When I got that rejection e-mail, I did the adult thing: I took to my bed weeping.
A comforting inner voice said that my publisher hadn’t rejected me, as in, the woman whose red puffy eyes stared back at me from the bedroom mirror. But this editor had rejected my transatlantic female characters and their worthiness to tell this 300-page story. And she had rejected my own definition of myself.
“What do you do?” asks the man in the airplane seat next to us, or the woman pouring the wine at the dinner party. "I'm a teacher," we say. Or, "I'm a stay-at-home parent." Or, "I'm a tax accountant."

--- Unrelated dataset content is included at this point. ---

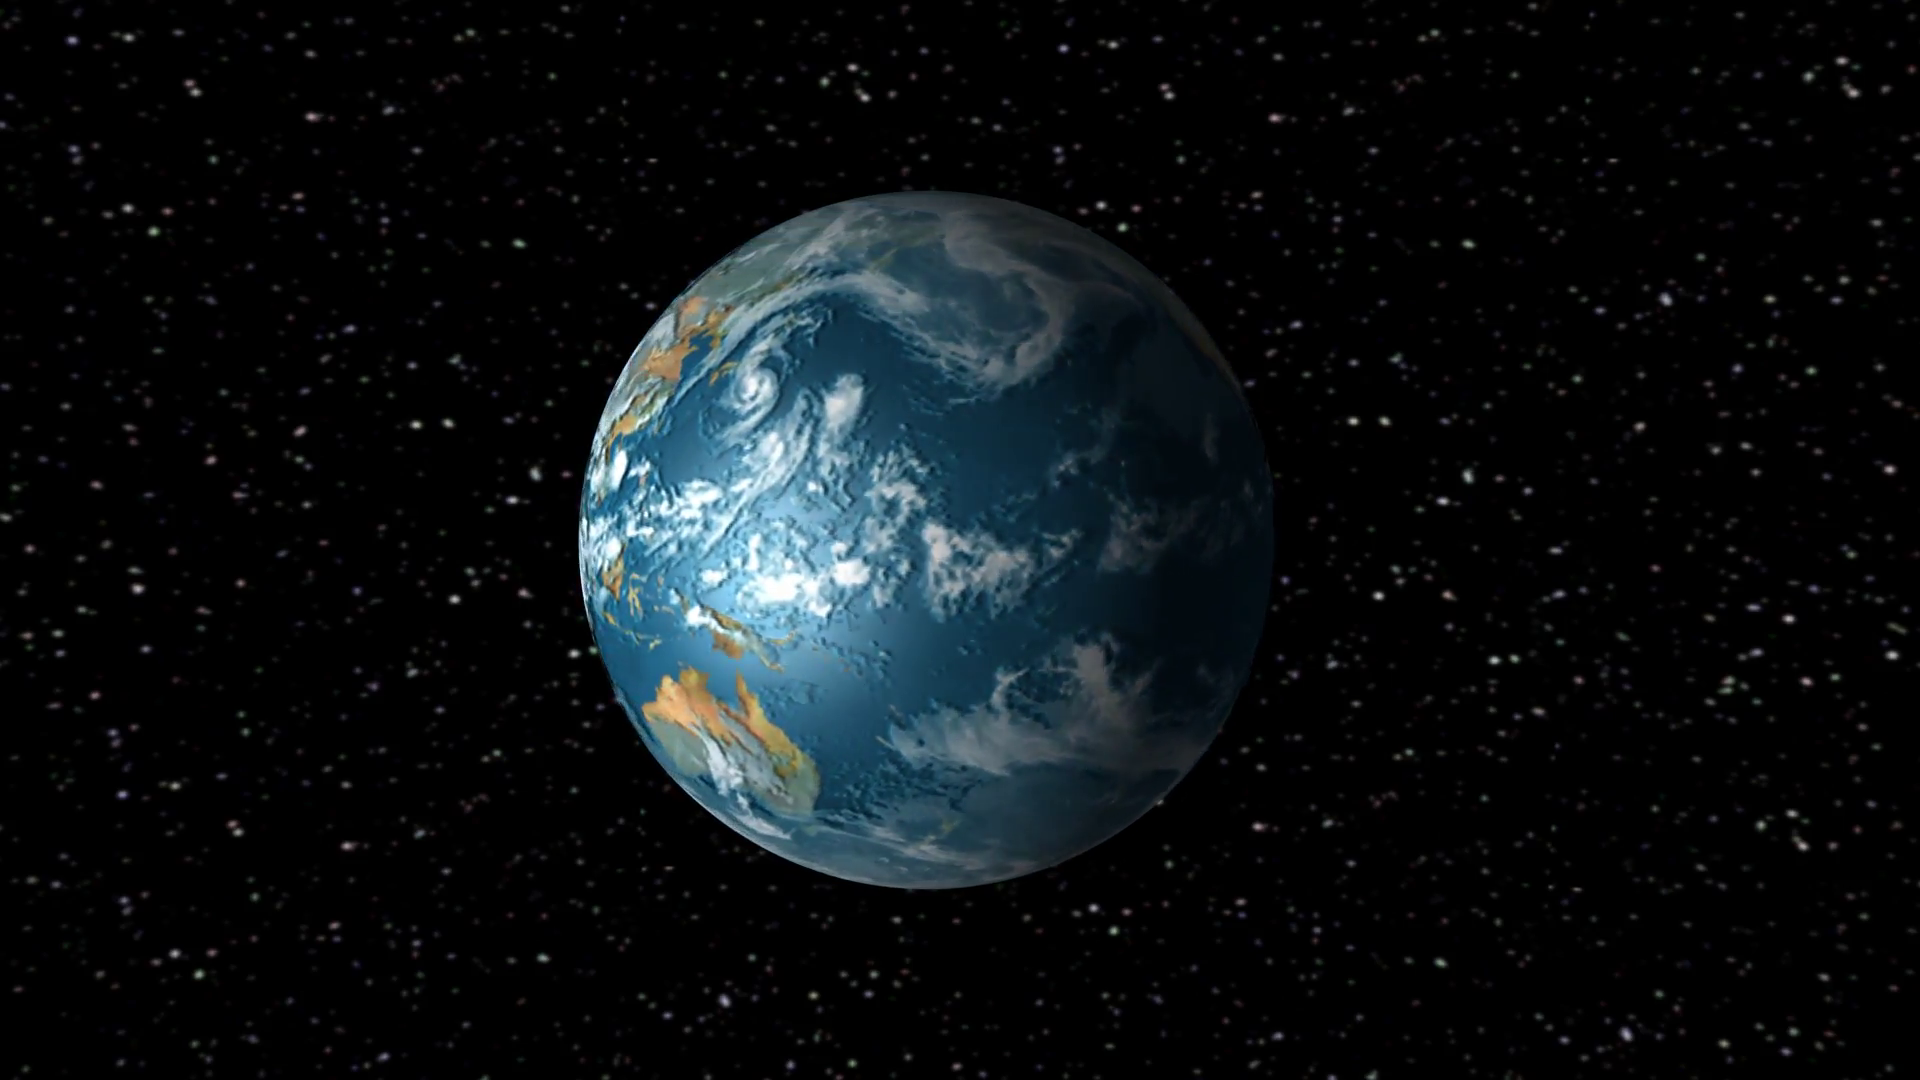 earth-rotation-animation_qj6cxvni__F0000

I’m a writer.Once upon a time, I always hesitated before saying that. But then it got to be true.--so true that there was no other way to describe myself.
But not now. With a broken publishing contract and an apparent one-book career, was I really a writer?
For the next few weeks, big-life questions burned in my mind. When can you officially start calling yourself a writer? First byline? First book? First literary magazine publication? First payment for a piece? And in any lifestyle or career, when is it time to call it quits and forge a new identity? With these hefty questions came the big and apparently final decision: I was all done. I would no longer be a writer.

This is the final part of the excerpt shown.